The change means for the time being if a critical incident happens on the Minnesota side, there will be 18 less members on the SWAT team, five less on the bomb squad and four fewer members on the Metro Street Crimes Unit.
“Can you train someone to understand two different legal force standards in a second? These are very dynamic, two to three second decisions that happen and lives are at stake here,” Zibolski said.
As tough as it is, Zibolski says there will be no exceptions made, as his officer’s safety and ability to lawfully navigate the new statute in high-stress situations is the top priority.
Valley News Live dug into the new statute today to better break down just what this means and the difficult position it’s putting officers in.
Previous to this new law, Minnesota officers were able to use deadly force when they felt there was an apparent threat, but Clay County Attorney Brian Melton says that’s no longer. Instead, officers must go through a three-part test before using any force while in the middle of intense and, many times, life or death situations.
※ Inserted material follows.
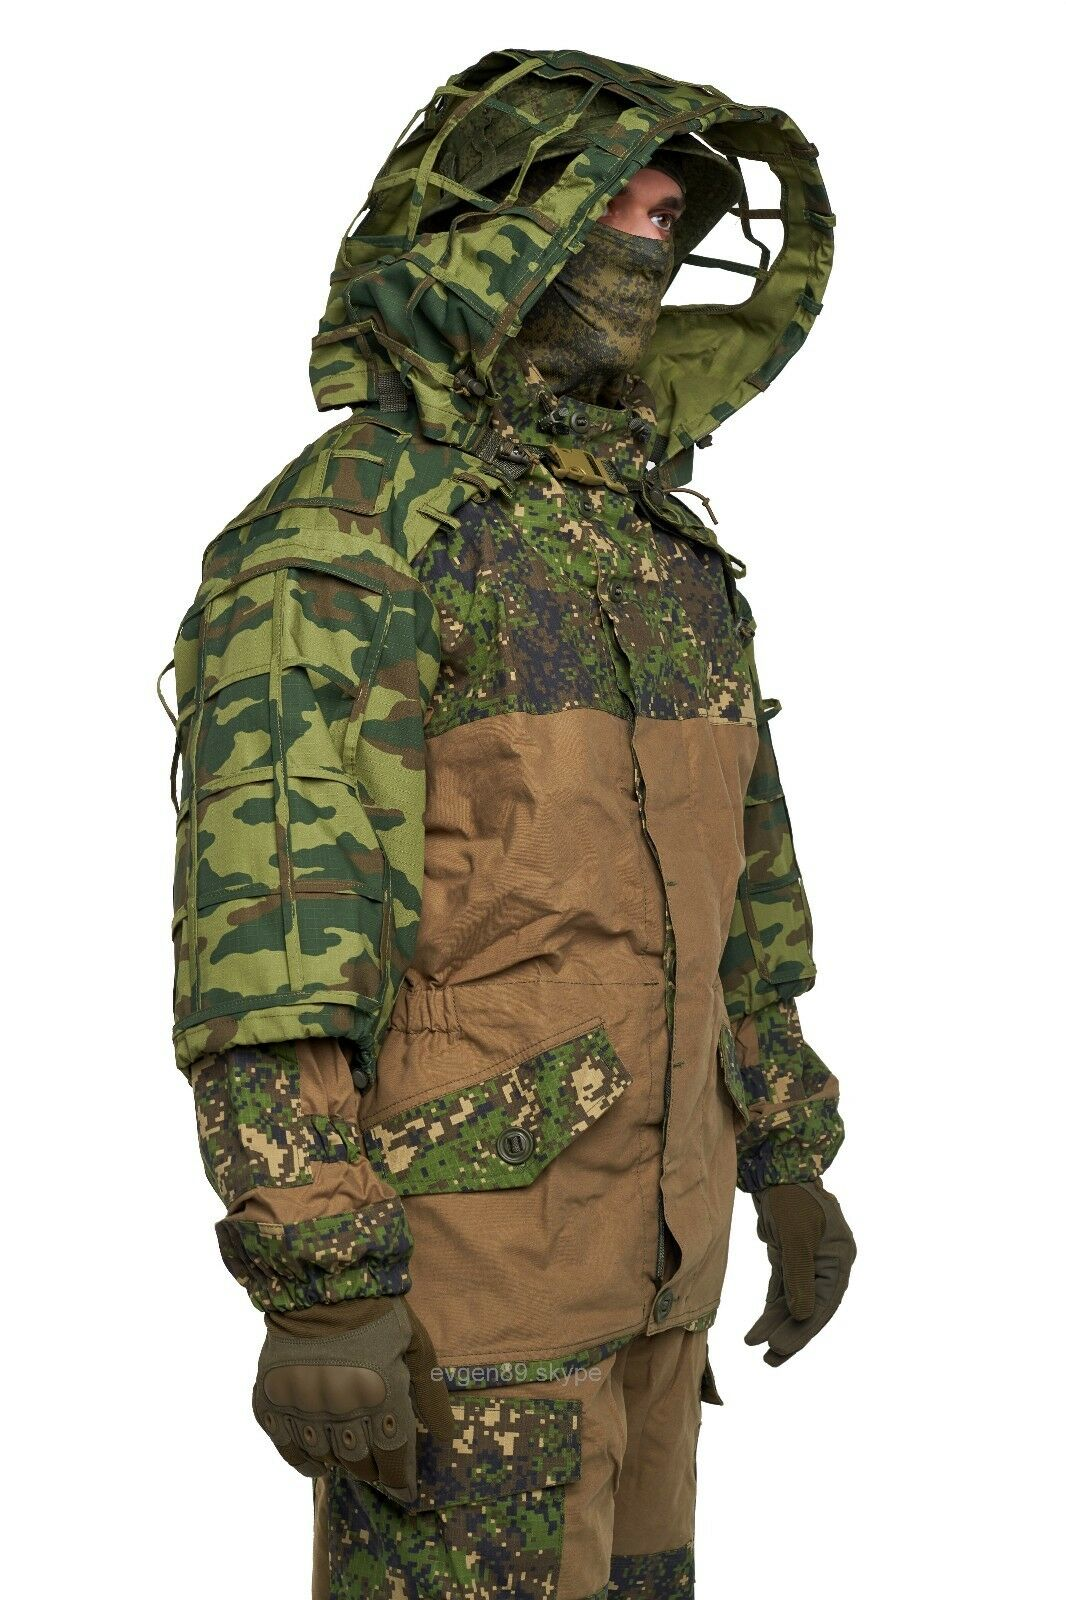 Disguise Sniper Coat   Scorpion    Viper Hood Flora VSR-98 by Giena Tactics  cheap online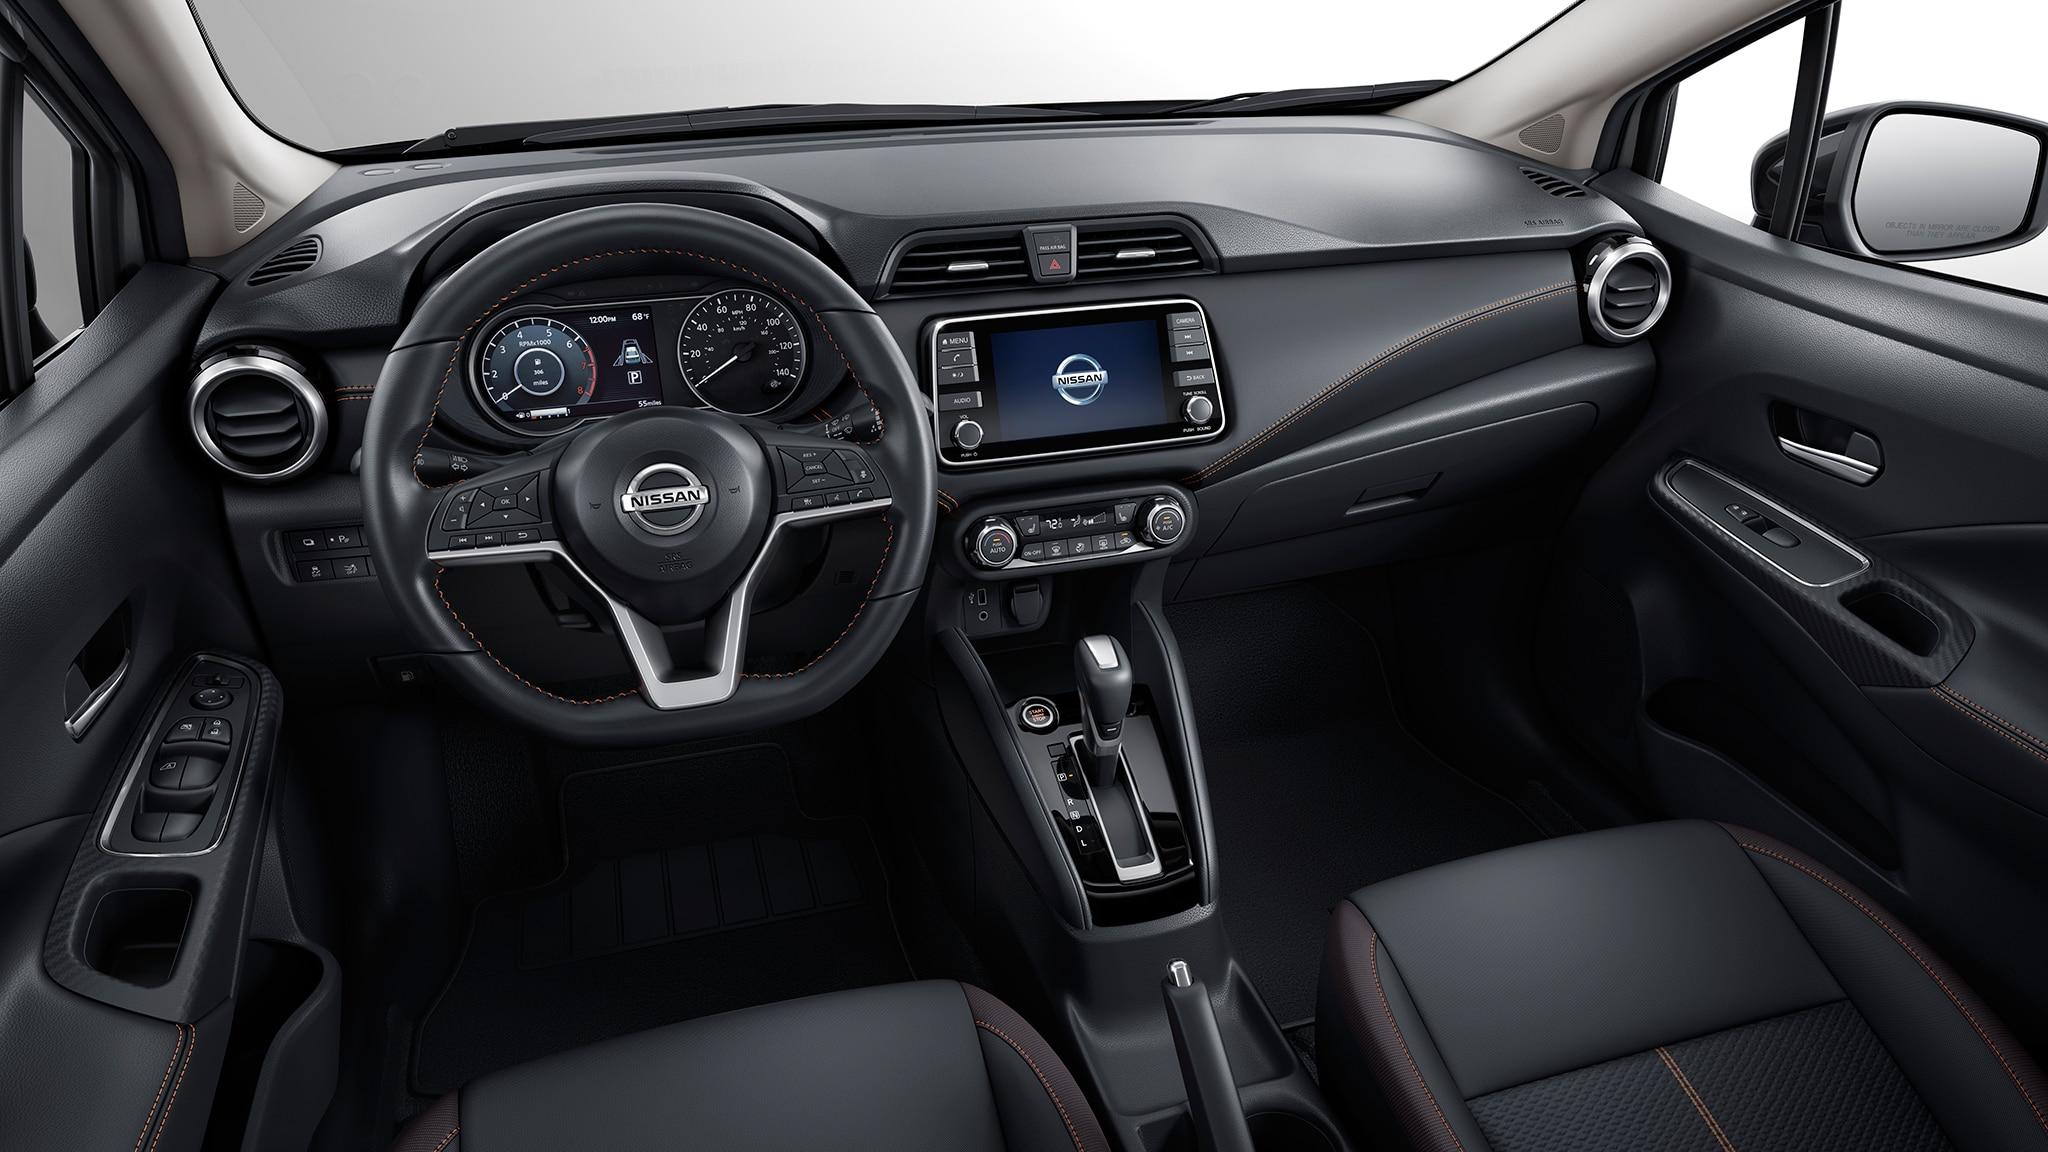 2020 Nissan Versa First Drive Review: Better and Still

“The threat must be articulated with specificity, that’s it’s reasonably likely to occur absent the action the presence of the police officer and the threat must be countered without unreasonable delay,” Melton explained.
If that didn’t make sense to you, you’re not alone. Officers on both sides of the river tell Valley News Live they feel the same and say they don’t feel like the new law is practical, especially when going into situations with armed or suicidal individuals.
“If they go and engage that person and that person is holding a gun to their own head, but then they suddenly point it at the officer and that officer chooses to engage, that officer is in trouble or in violation of this statute because they can’t use deadly force to control an individual,” Melton explained.
Moorhead Police say they have been preparing for the possible statute change since last fall, but still have training and education to do with their officers. Both Moorhead and Clay County say if and when needed on the North Dakota side, they will still help out.
“I’m hopeful that this is a very short-term issue and that we can get the appropriate training to our staff and we can get things back to normal,” Otterness said.
Grand Forks Police tell Valley News Live they are currently in the same boat as the agencies here in the metro, but say at this time they have not made any final decisions as to how they will or will not assist their Minnesota neighbors.